Friday, March 25, 2011

Virgin Airlines

I know it's been awhile. I've been busy busy busy road-tripping, doing school work, and showing Emily around Wellington! I don't have time right now to do a really good update but I wanted to post the pictures I snagged in LUSH today!

Look how cool it is in there!
( ^^ those are shampoos!)






For the time being I will leave you with the exercise I wrote for this week's creative writing workshop. Perhaps my full update tomorrow will be spectacular, seeing as I'm drinking Absinthe tonight. It's regarded as the muse of artists and bohemians, and is one of Picasso, Van Gogh, Oscar Wilde and Hemingway's favorites! Things are gonna get weird.

"Virgin Airlines"

At 4:30am, I sat with a freshly showered set of puffy morning eyes in the back seat of my mom’s car, running on only an hour or two of sleep. My parents were driving me to Hartford to catch a shuttle to JFK in New York City. I had spent the last night uncomfortably, as my boyfriend and I shared our last hours together squeezed on top of my cot-sized bed. We tried to stay up all night and cherish our last moments before I left to New Zealand for the semester, but we fell asleep - well he did anyway. He snored into my ear loudly while my legs ached to stretch. My arms were awkwardly tangled together, and I self consciously breathed into his face. The bed was not built for two, barely built for one.

In the middle of waving a final goodbye to my parents, the shuttle driver slammed the door closed between us. I was a bit annoyed that he would cut such an important moment in my life short like that. I reconciled that he obviously didn’t know this was to be my first big trip, my first plane ride. My first time out of the country; First time out of New England. The fact that he didn’t bother making small talk on our two hour trip to the airport oddly got him back on my good side.
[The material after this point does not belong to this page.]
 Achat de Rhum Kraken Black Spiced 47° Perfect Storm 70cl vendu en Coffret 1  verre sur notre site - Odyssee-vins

When we arrived at JFK I rolled my luggage through the automatic doors. Excitement fluttered through my body and was climbing up my throat, begging to escape in the form of some embarrassing shriek. I managed to keep it in. It would have been nice if that bottled up excitement had a longer shelf life though, because after checking my bags I had eight hours until it was time for me to board my plane. Eight hours. I shifted from bench to bench and tried to sleep away the time, but failed. I looked around at the other people in the airport and tried to imagine what sorts of important things they had to catch flights for. I wondered if anyone looked at me and thought the same thing. I wondered if anyone could tell I was such a travel rookie.
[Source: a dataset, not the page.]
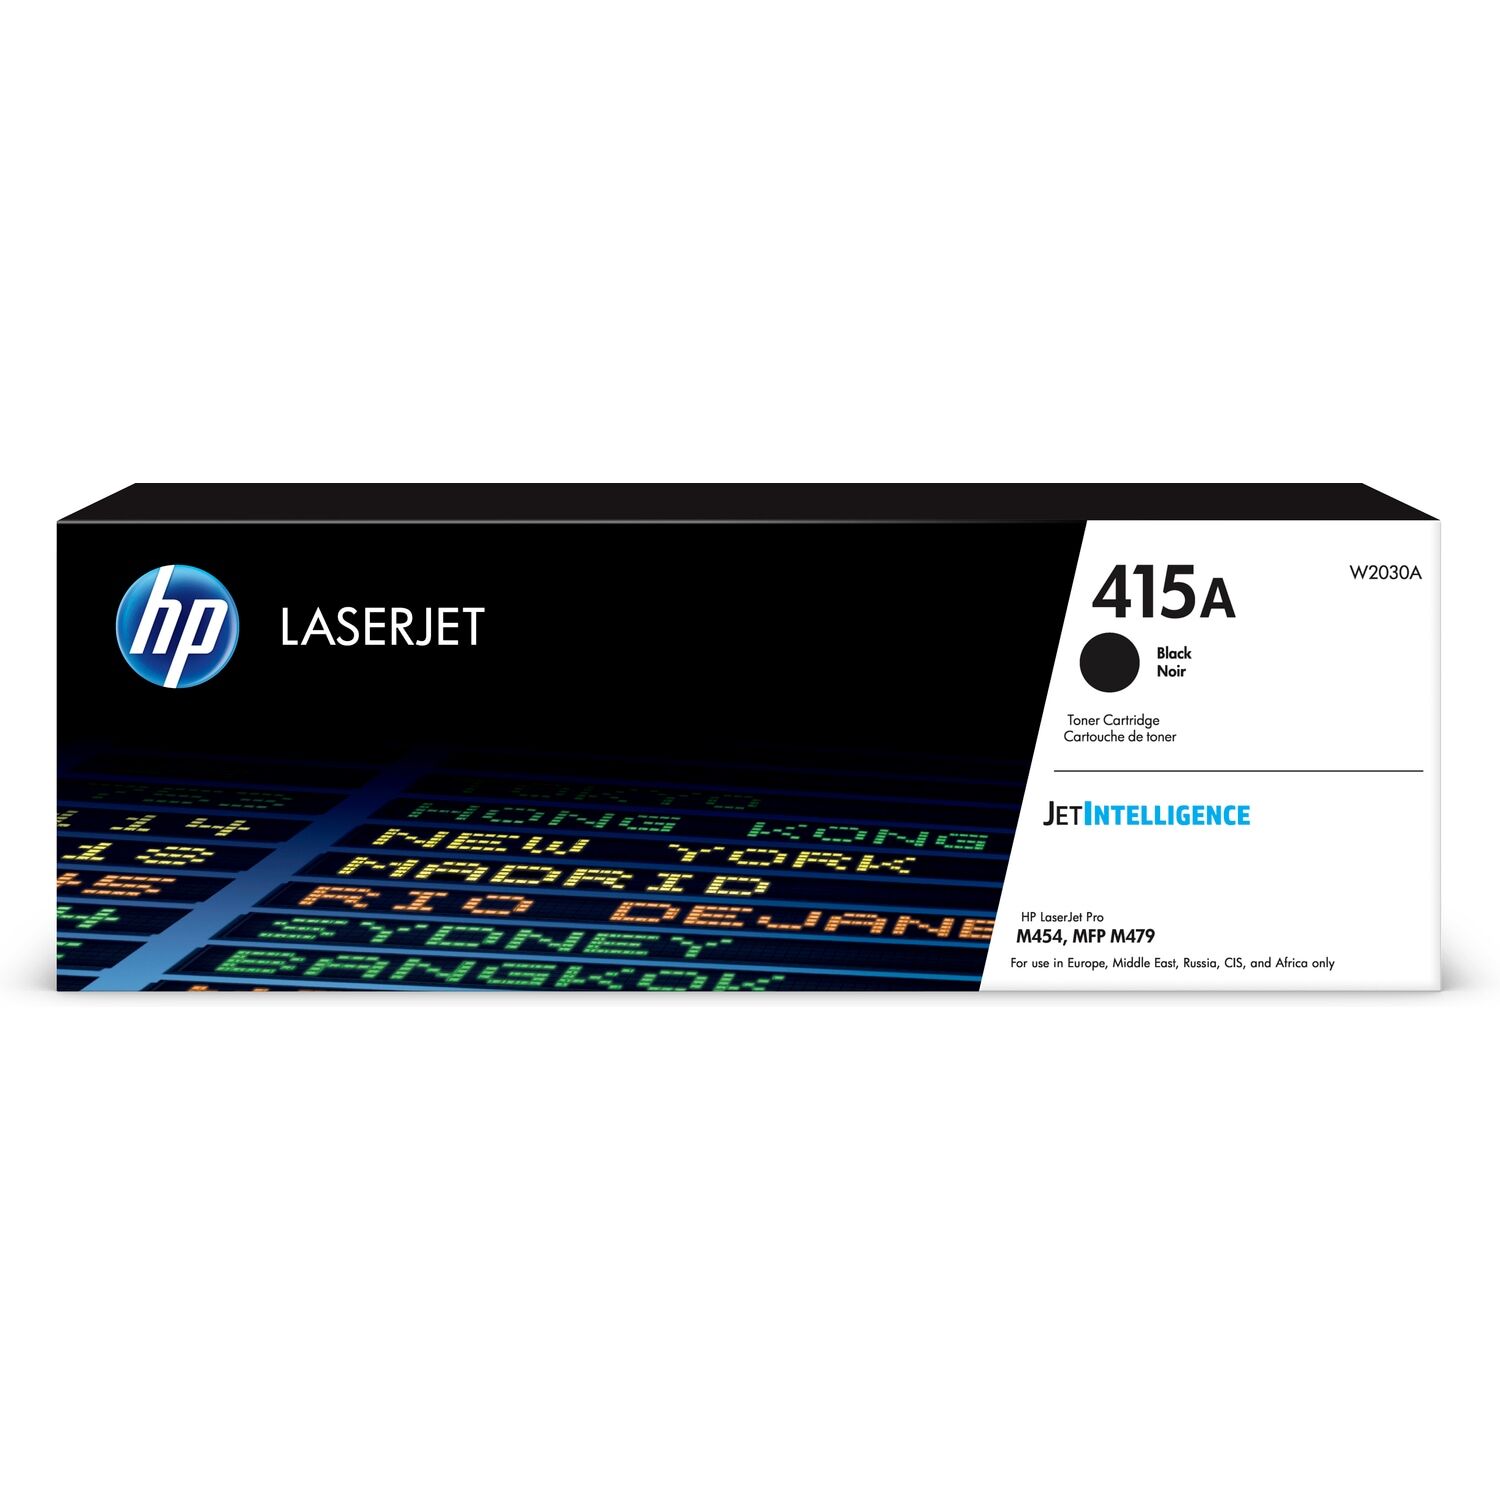 Картридж для печати HP Картридж HP 415A W2030A вид печати лазерный, цвет Черный, емкость

What an interesting feeling, though. Knowing, as I sat there with only a backpack filled with books and journals, that all my personal belongings to live for five whole months were neatly packed into two suitcases that I no longer had to think about until I arrived on the other side of the planet. What a weightless feeling. Bobbling around in some sort of middle area between my stationary life in Massachusetts, and the rest of the world.


When I finally got to board my plane, I realized I had the window seat; A blessing. I took pictures out of my tiny submarine window. Pictures of the wing of the plane, still grounded. Pictures I would later, after twenty-two hours of flying, be bored to look at.